NEW YORK, June 23, 2026, 11:08 EDT
AT&T shares climbed 1.9% to $22.52 in New York morning trading on Tuesday after recent losses, as buyers picked up large U.S. telecom stocks. Verizon added 1.4% and T-Mobile US gained 1.3%. The QQQ ETF, tracking the Nasdaq 100, dropped around 2.5%.
AT&T is still around pressure levels, and the latest bounce looks more like a technical repair than a shift in mood. MarketWatch put the stock’s 52-week range between $21.99 and $29.79 earlier Tuesday. Shares are down 3.65% for the past five days and off 10.81% for the month, so Tuesday’s upside doesn’t signal a clear change in sentiment.
Earnings are the next thing to watch. AT&T will report Q2 results before the New York Stock Exchange opens on July 22 and plans a call at 8:30 a.m. ET. Investors are likely to look for updates on wireless subscriber numbers, fiber demand and cash generation.
AT&T is guiding for 2026 with low-single-digit service revenue growth, adjusted EBITDA up 3% to 4%, and adjusted earnings per share between $2.25 and $2.35. The company is planning capital investment at $23 billion to $24 billion and says it expects free cash flow of more than $18 billion. Adjusted EBITDA is earnings before interest, taxes, depreciation and amortization, minus certain items. Free cash flow is what’s left after capital spending.
AT&T’s plan is focused on locking in more wireless-and-fiber customers. The company signed up 294,000 new postpaid phone users and 512,000 consumer advanced internet customers in the first quarter. That includes 273,000 who chose fiber and 239,000 who went with AT&T Internet Air. Revenue for the first quarter came in at $31.5 billion, topping the $31.25 billion analysts saw in LSEG data, Reuters said.
UBS analyst Ryan Gravett kept his Buy rating on AT&T and a $31 price target, according to TipRanks on Monday. UBS’s John Hodulik stuck with Hold on Verizon and a $48 target. TipRanks said the average analyst target for AT&T is $31.07 with a Moderate Buy consensus.

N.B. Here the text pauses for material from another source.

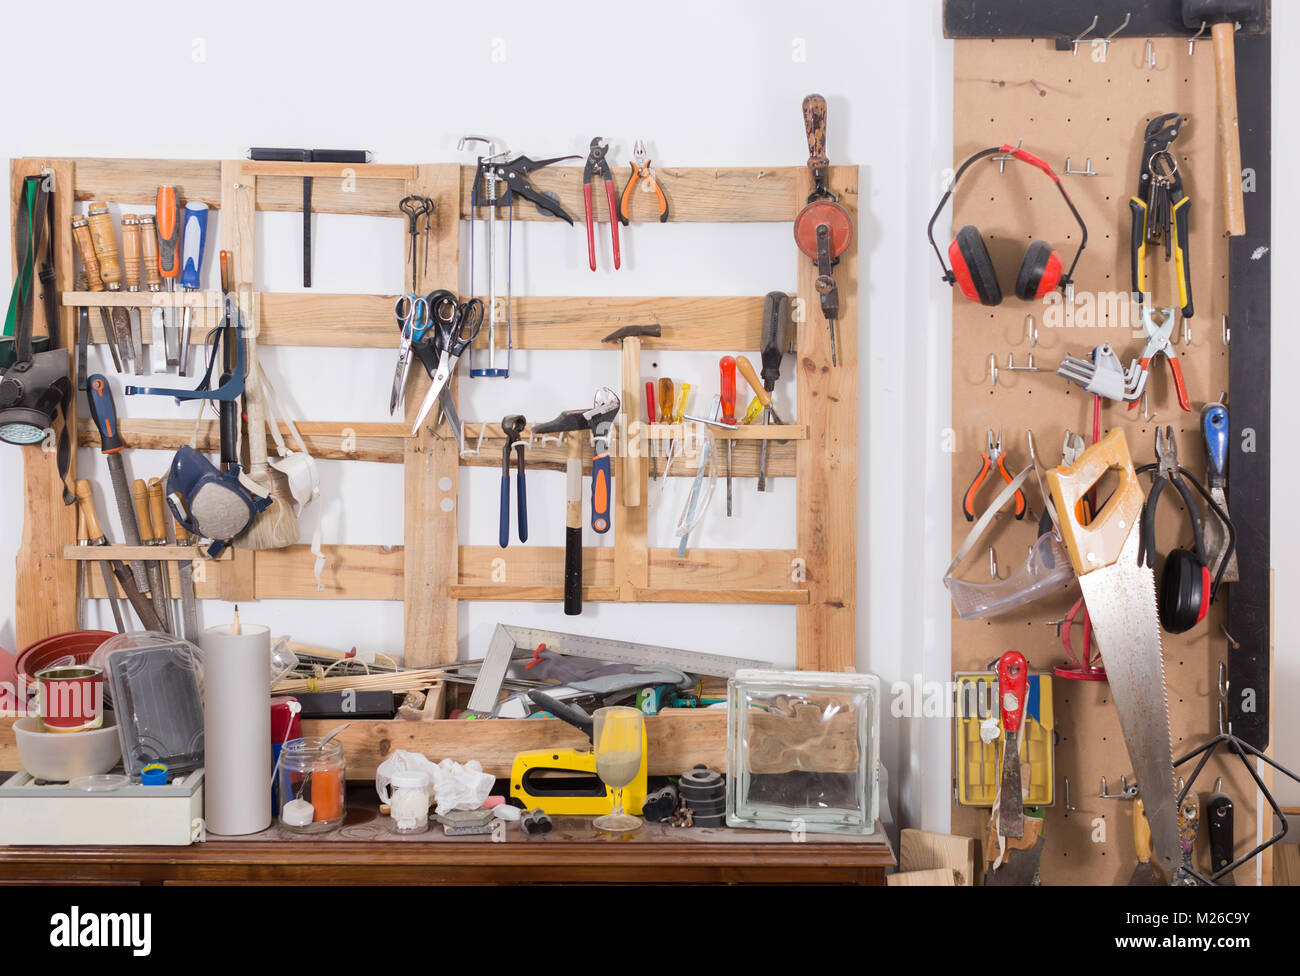 Alte Werkzeuge aufhängen an Wand in der Werkstatt, Werkzeug Regal gegen  eine Wand in einer Garage Stockfotografie - Alamy

AT&T finance chief Pascal Desroches told investors this month the company is “delivering returns to shareholders today” even as it keeps network spending up. He was direct on broadband: “Fiber is our lead offer.” Fixed wireless—broadband over mobile spectrum instead of fiber—remains an option. But management keeps describing it as a selective play, not the main product. AT&T Investor Relations
AT&T’s first-quarter numbers point to hefty spending, Brian Mulberry, chief market strategist at Zacks Investment Management, told Reuters. Mulberry said the bet is that “data is going to be the revenue of the future.” That’s the bullish view—frontload investment to smooth out revenue down the line. Reuters
Risks are still on the table. AT&T’s second-quarter free-cash-flow outlook of $4 billion to $4.5 billion missed the $4.6 billion analysts were looking for, Reuters said in April. California regulators also asked a court and the FCC to block AT&T’s effort to shut off some old copper-wire phone service. The fight centers on “carrier of last resort” rules, which require the company to keep offering basic service even if it costs more to run the legacy network. Reuters
AT&T said keeping the California copper network going costs around $1 billion each year and now that copper only reaches 3% of its households in the state, Reuters reported. A slower regulatory process or weak fiber and wireless take-up could erase Tuesday’s gains in a hurry.